The first challenge was reading all those Excel files. I used Apache POI to parse them, building a flexible Excel reader that could handle multiple formats and structures. Each row was turned into a simple key-value map, where headers became keys and cell values became data points.

My first focus was the “Data 24” files — the daily share prices of all public companies for the year 2024.

2. Storing in Redis with RedisJSON

After parsing, I needed a fast and flexible store — and Redis was a perfect fit.
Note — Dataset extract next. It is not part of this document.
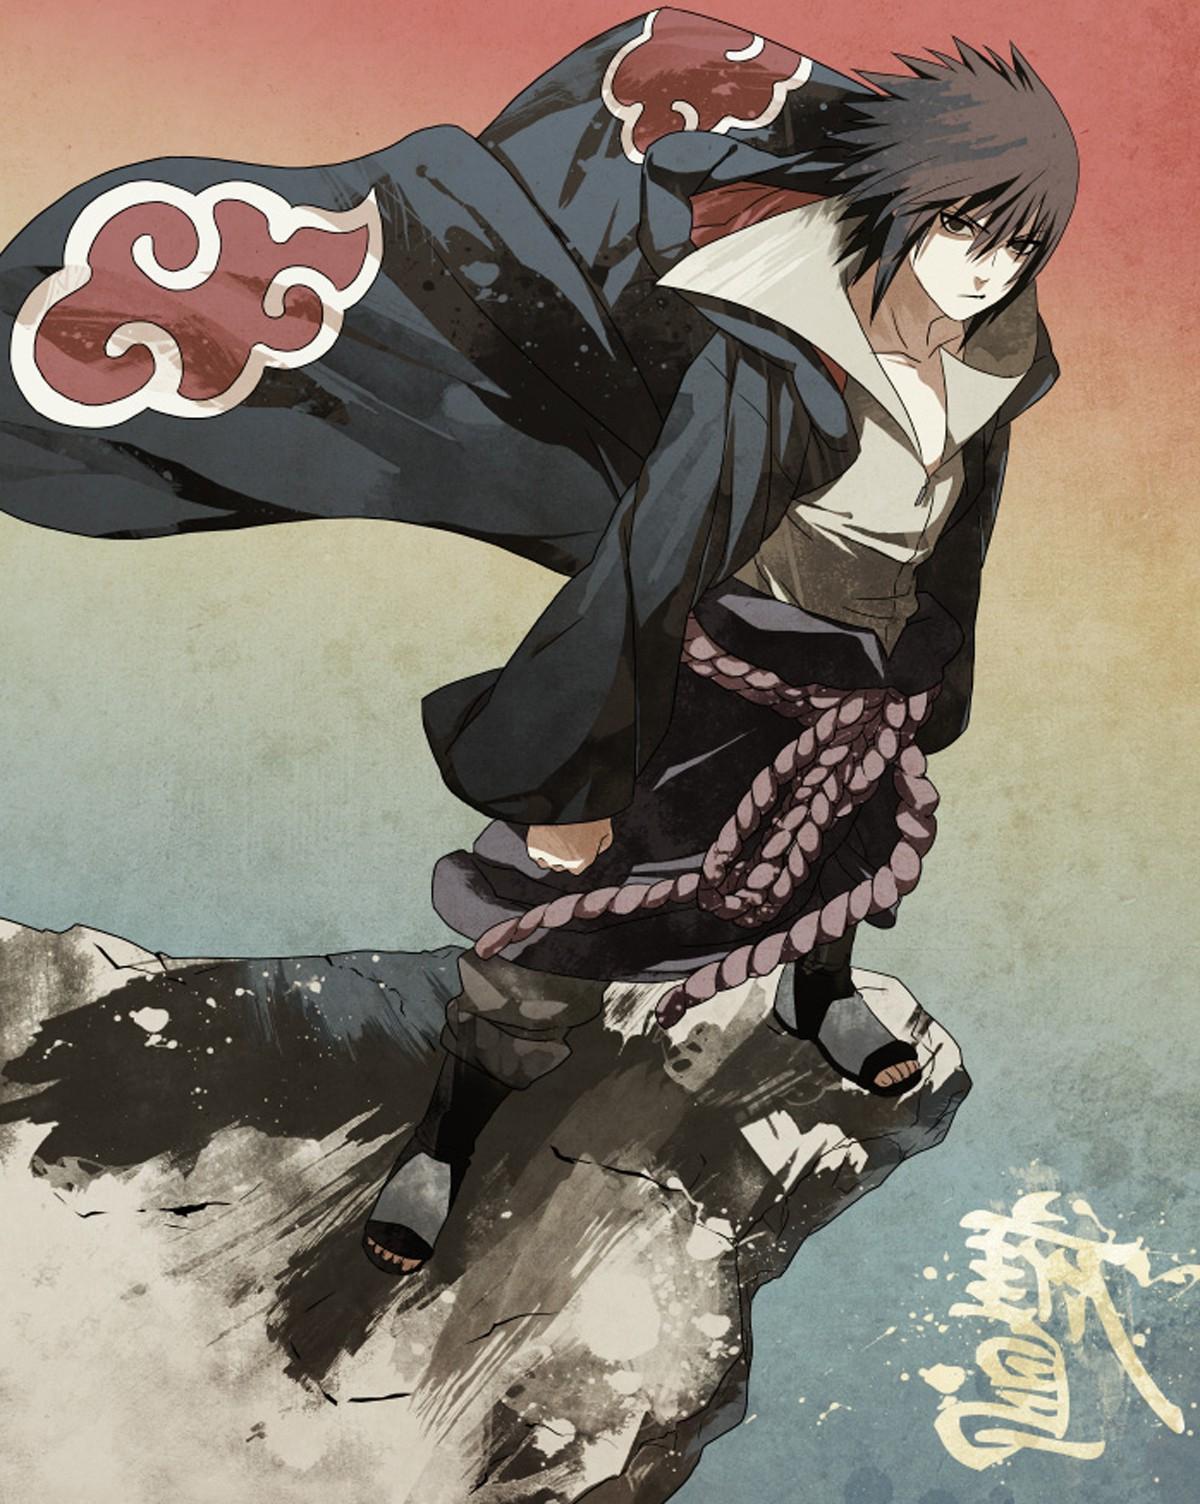 Wallpaper : illustration, anime boys, cliff, Naruto ...

  • I serialized each row into JSON using Gson.
  • Then stored them in Redis using the RedisJSON module, which allows not only fast access but also partial reads and updates (great for querying just a few fields).

Redis also makes it easy to manage TTLs and perform atomic operations, which became useful later in the rate-limiting phase.

3. Exposing Data via REST API

With the data safely in Redis, I spun up a REST API using SparkJava, a lightweight Java web framework.

The endpoint (e.g., /stock) accepts parameters like stock symbol and date, and returns the corresponding data from Redis. Simple, fast, and clean.


Rate Limiting the API

I wanted the API to be open — but not too open. To prevent abuse and ensure fair usage, I implemented rate limiting as middleware.

Redis again came in handy here. I implemented multiple algorithms to experiment and see which worked best:

  • Fixed Window
  • Sliding Window Log
  • Sliding Window Counter
  • Token Bucket
  • Leaky Bucket

These algorithms use Redis’s atomic operations (INCR, SET, EXPIRE) to efficiently track and control request counts.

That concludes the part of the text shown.